I caught up with Chris to ask him about the album, the inspirations and ideas behind the songs, and those impressive collaborations. Before we begin I’d like to say a huge thank you to him for his entertaining, candid and illuminating reflections.
"Here’s a track by track summary of the album "After the Fall". As I typed, I put the album on the headphones to get myself back into the songs. I know I only released it three months ago but it seems years old already. I always get afraid of sounding self-involved when doing interviews so if I start to go on like a pompous prat you have my permission to beat me with a rounders bat.
"You're An Island"
I wrote this with my partner Linzi when she was pregnant with my daughter, so right away it makes me feel happy just to listen to it. I recorded those simple chords that had quite a weird discordant sound and we started these lyrics about the world being like a wild vast sea and how a man searches far and wide for happiness but it’s actually all laid down in front of you. These weird phrases were being thrown back and forth so it was really fun to write that way. I got the sitar player Ricky Romain to do some lovely flourishes and the violinist Scarlet Rivera plays some beautiful melodies on it. She was on Dylan’s "Desire" album, one of my very favourite albums, so for me that was a dream come true.
"Sweet Lily Rose"
This is about my daughter and I wrote it before she was born. I remember just imagining what she might be like, so it’s another one that makes me feel warm. Like I said the other day in another interview, and Ill repeat it here because I’m a lazy bastard… no because I think it’s true, art is like a diary. You document your feelings and views on the page, canvas, or on sound, whatever your area might be, and then you can look back and the piece conjures up the emotions and feelings you had at the time. This song feels like it was written years ago, because it feels like my daughter has always been here. And don’t I know it at five in the morning!!
"In Your Own Fine Way"
This was one I came up with one day on my father in law’s guitar he has lying about the house. Then Alison O Donnell got in touch asking if we could collaborate again, so I sent it to her and she did some fantastic backing vocals on it. I’m still really happy with how this one sounds. Odd lyrics though.

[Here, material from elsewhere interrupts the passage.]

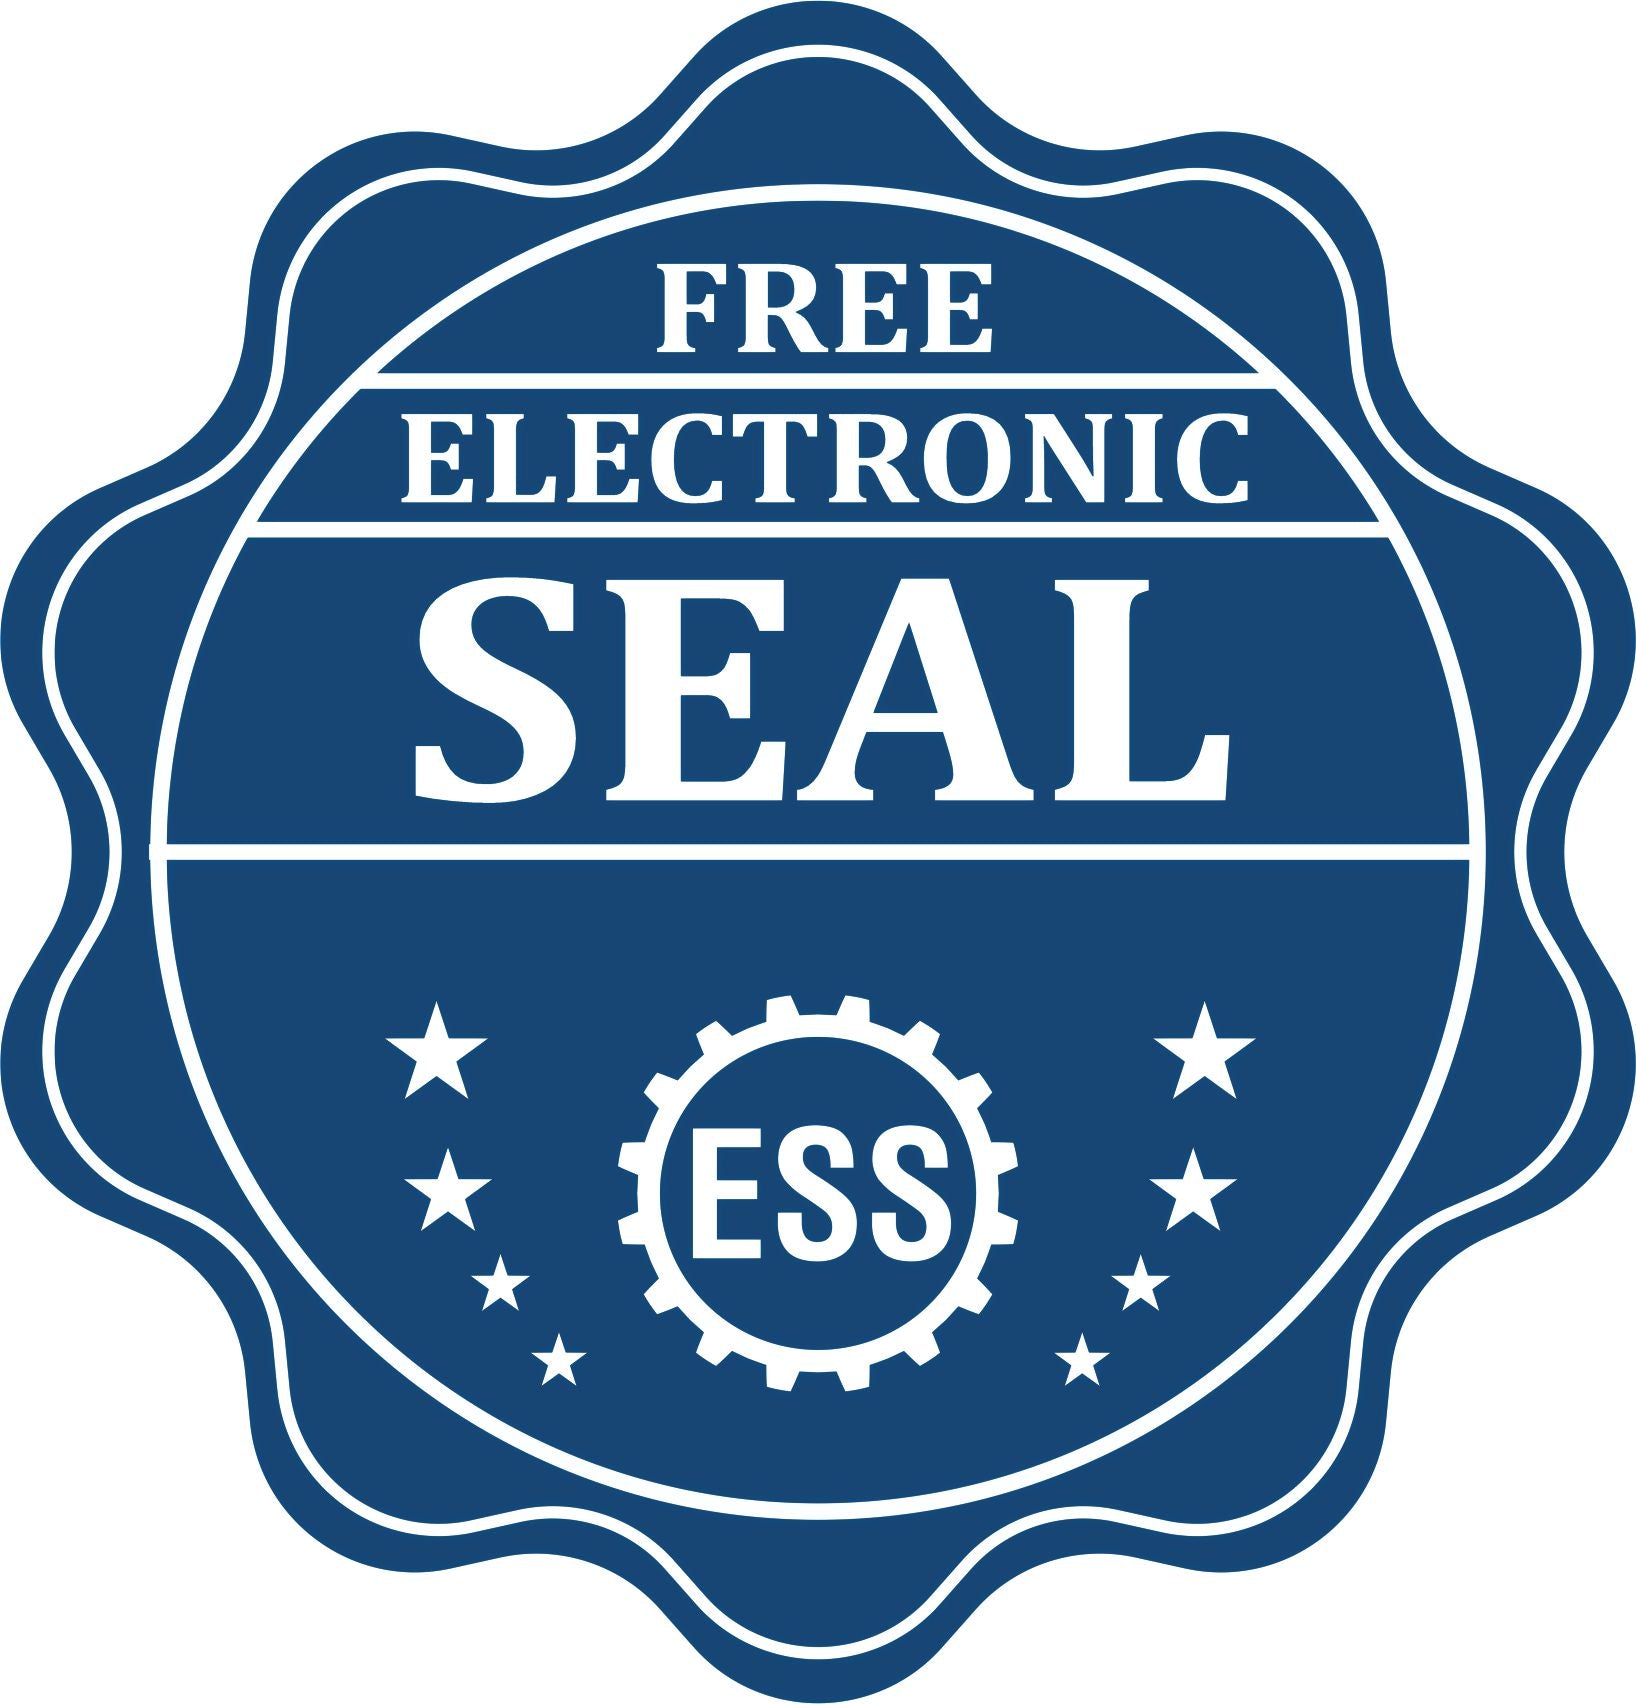 A badge showing a free electronic seal for the New York Desk Surveyor Seal Embosser with stars and the ESS gear on the emblem.

This was an angry one actually. I had the riff and I recorded the whole track then put the lyrics to it. They’re about the government, all the horror that was turning up in the press, so it inspired this cry to the lord above. Quite a simple song actually. People have said it has a bit of a Sabbathy sound to it, which I’ll gladly accept ‘cos Sabbath kick bottom.
"Here in the Night"
I wrote this one really quick. I got my first capo and started dicking about on it and played an A chord with the capo on and developed this really chilled out kind of track. I think it’s good for an album to have a mix of styles on it, chilled out and stripped down a bit before it takes off again.
Me and Linzi wrote this one too. I had the weird guitar bit and then we started the lyrics. It’s an observational thing really, people we see from the window everyday doing their odd little things. Like the old bloke who marches like a soldier, and the other old bloke who is restless all day long going back and forth carrying weird objects, wrestling with delivery trolleys and peddling about on his bike in all weathers. Even when you get up in the night for the baby milk from the kitchen, you sometimes see him farting about in the dark. Poor guy.
"Bring Me Back"
This was another capo thing I did, a surreal lyric, not too sure what it’s about now. I think it came from a dream. It’s quite a laid back one, and I sound pissed on it.
This was a bit of a bluesy thing I started playing ‘cos I was listening to early Fleetwood Mac. I love Peter Green’s playing and it reminds me of that a bit. Then Celia added these really cool backing vocals on it that gave it a new slant. Lyrically I was turning the blues round, ‘cos it’s always some fella saying this chick cheated on him or took his pride. So I was singing about a negligent bloke who never thought of other people’s feelings. Some drunken arse really. Seeing the blues from another angle in a way. What am I even saying???
"Must Be Going Crazy"
This was about someone I used to know of who was always battling with his own mind. Sad really. And I imagined what his life must be like day to day, struggling with insanity. Quite a weird one.
"Hiding from the Light"
This took ages to record. I had to piece it together bit by bit and kept adding my bits of violin, flute, guitars and all sorts of stuff. It was about the city, how people don’t look each other in the eye, London in particular. And I thought people don’t really face the truth much, it’s all about what’s on the surface, the day to day things that cover the real important things. Or not admitting something, being in denial, looking away from the truth or the light. Again, I think I sniffed too much Muller Rice this afternoon.
I really like this one. It started as a weird story I wrote that had a double meaning. On one hand it’s a blind girl sitting in a field and all these weird creatures start crawling towards her out of the dirt, and in the end she realizes what they are and runs away. She runs away towards the sun and they disappear, burning in the sun. On the other hand it was about facing your fears and when you face them they go away. I put it to this music that just kind of developed as I went along and then Alison O Donnell did some lovely backing vocals on it. Happy with this one.
"After the Fall"
I had the main tune to this for a while and kept forgetting to do anything with it. In the end I came up with the full song, bit by bit, and plucked the violin on it, played some African thumb piano (an instrument with endless possibilities… with its five metal pegs!). Then I had the idea of doing two voices, one in each speaker, one being the human voice and the other being the soul, and the song kind of ponders the afterlife. It just so happens to have bongos and a sitar on it, so people will call it trippy but I just found that subject interesting and love the sound of Ricky’s playing. I don’t mind people calling it psychedelic, I just don’t think it is myself. I think sounds are sounds and if something tickles my fancy (oo-er) I’ll use it."